What the task requires - Full transcription, minus images: write out the listing below exactly as it appears.

Provided material -
━━━━━━━━━━━━━━━━━━━━
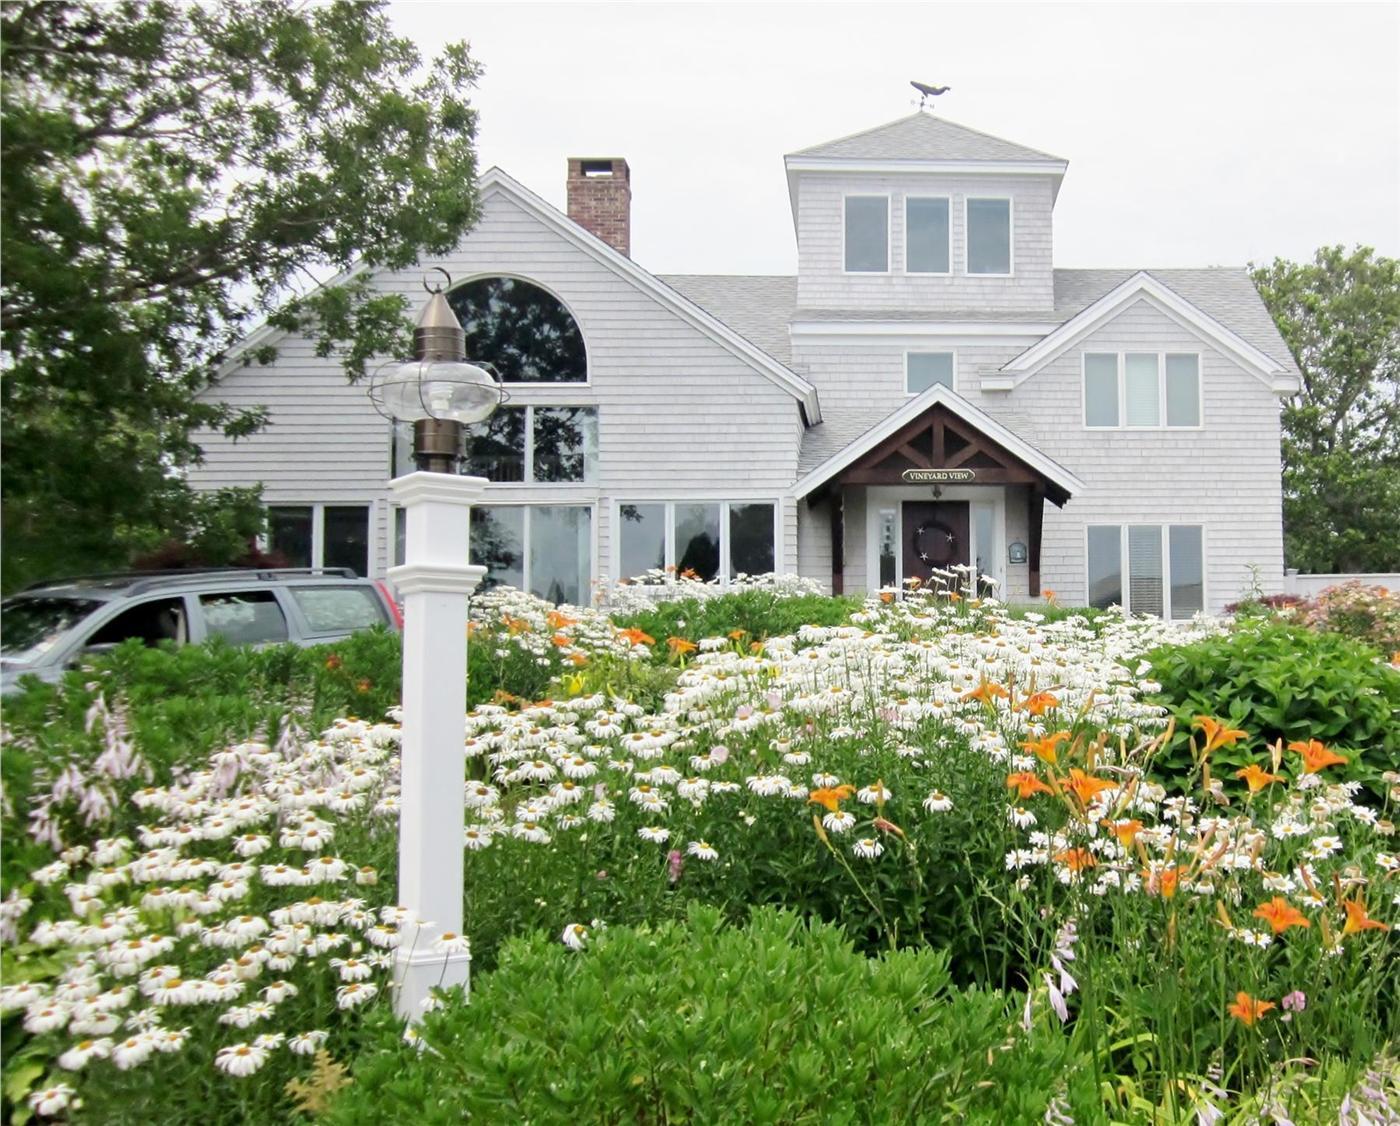 New Seabury Vacation Rental Home In New Seabury Ma 02649 Less Than Five Minute Walk Id 4138
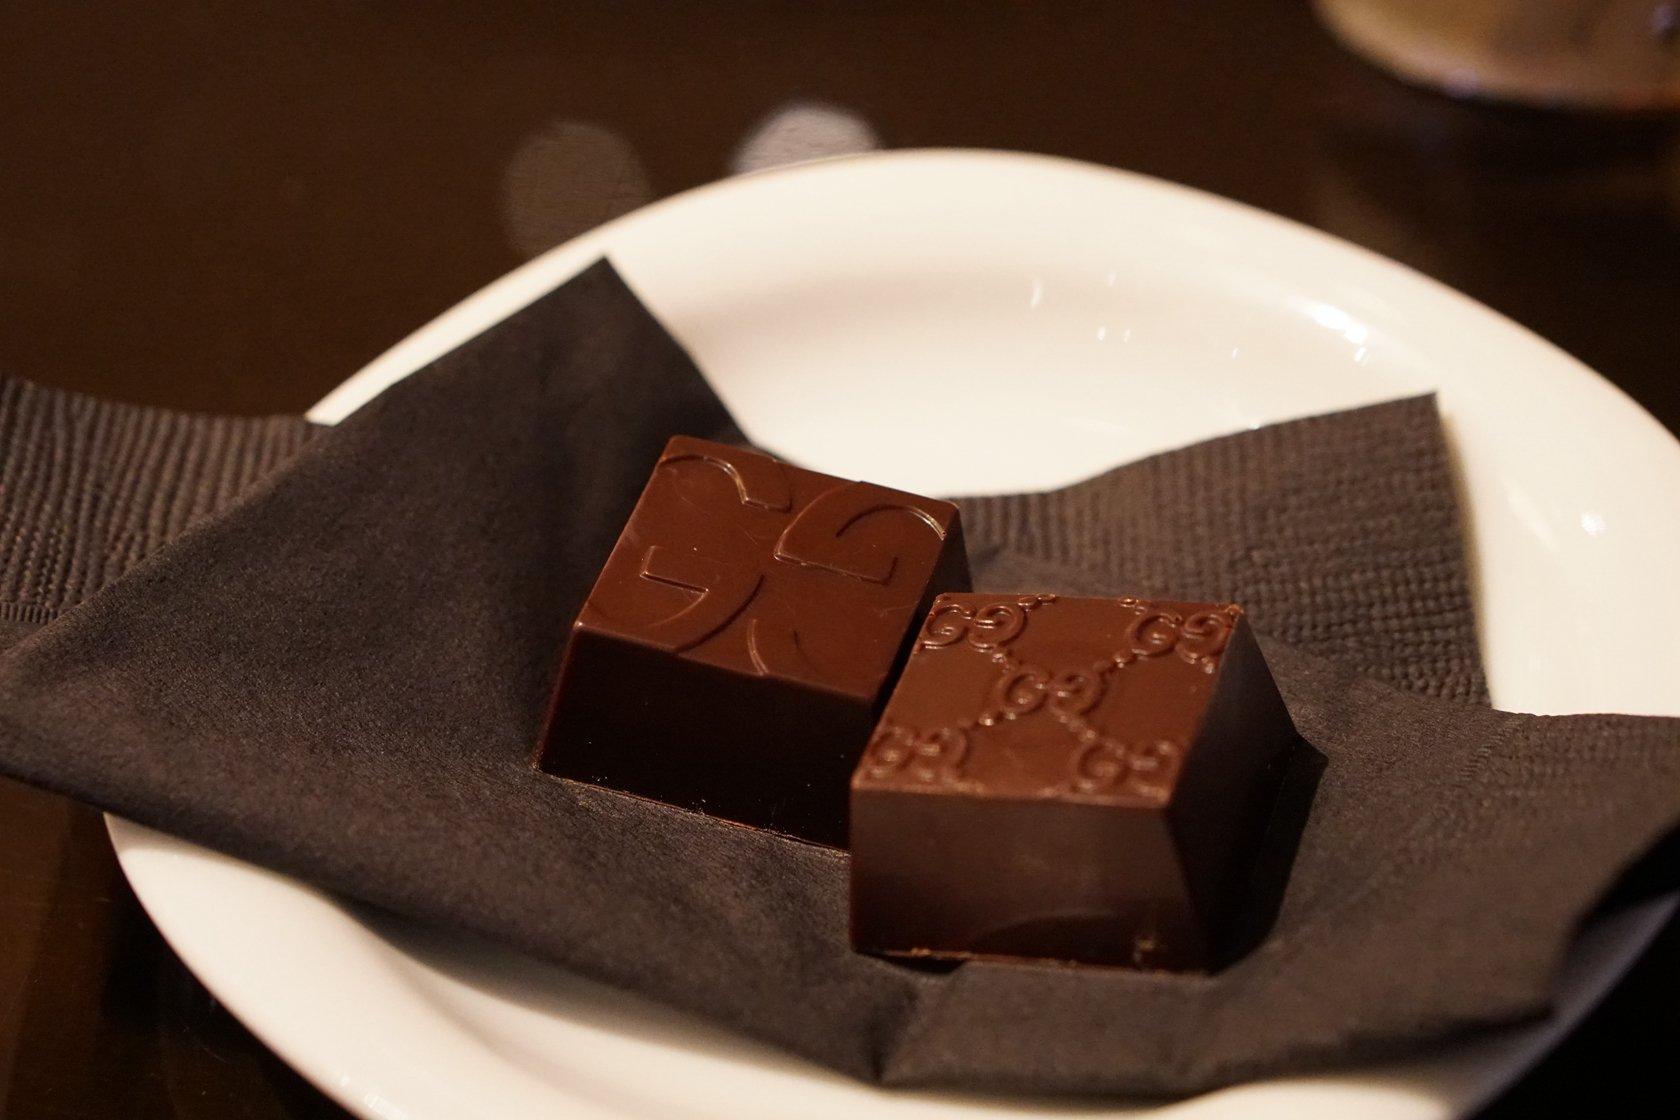 75c1e2fc9f94 所有食材都是从意大利进口的,提拉米苏是这里的招牌,巧克力上都有GUCCI 的logo。12月东京的天气真是让我意想不到的温暖,点了杯冰卡布奇诺,味道不错,巧克力有4种,很 ...
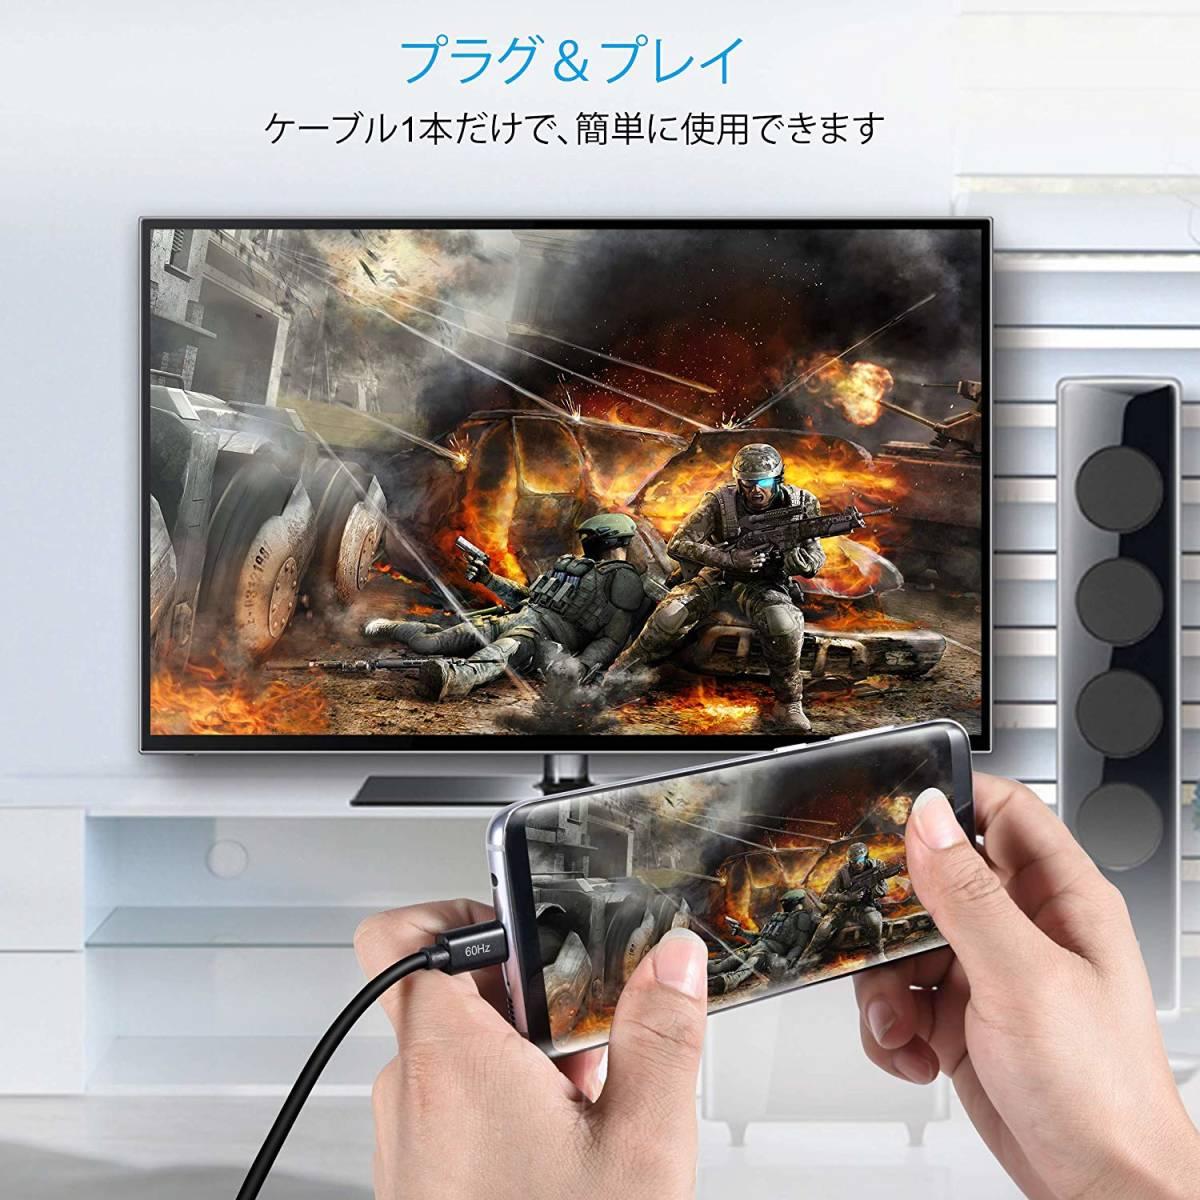 新品●USB C to HDMI、CHOETECH 4K @ 60Hz 1.8m / 6ft USB C to HDMIケーブルThunderbolt 3対応CタイプHDMIケーブル V3666_画像7
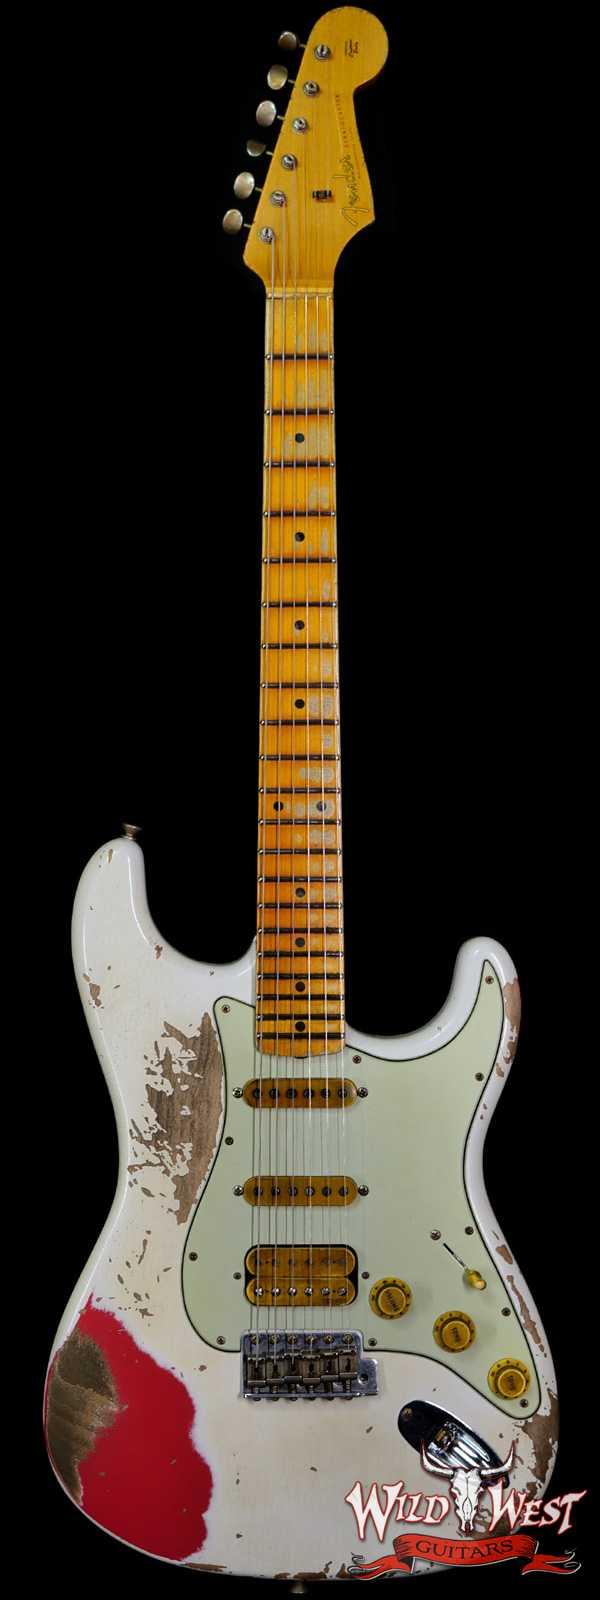 Fender Custom Shop Wild West White Lightning Stratocaster 2.0 Heavy Relic Maple Board Fiesta Red
━━━━━━━━━━━━━━━━━━━━
Exercise response -
 New Seabury Vacation Rental Home In New Seabury Ma 02649 Less Than Five Minute Walk Id 4138
 75c1e2fc9f94 所有食材都是从意大利进口的,提拉米苏是这里的招牌,巧克力上都有GUCCI 的logo。12月东京的天气真是让我意想不到的温暖,点了杯冰卡布奇诺,味道不错,巧克力有4种,很 ...
 新品●USB C to HDMI、CHOETECH 4K @ 60Hz 1.8m / 6ft USB C to HDMIケーブルThunderbolt 3対応CタイプHDMIケーブル V3666_画像7
 Fender Custom Shop Wild West White Lightning Stratocaster 2.0 Heavy Relic Maple Board Fiesta Red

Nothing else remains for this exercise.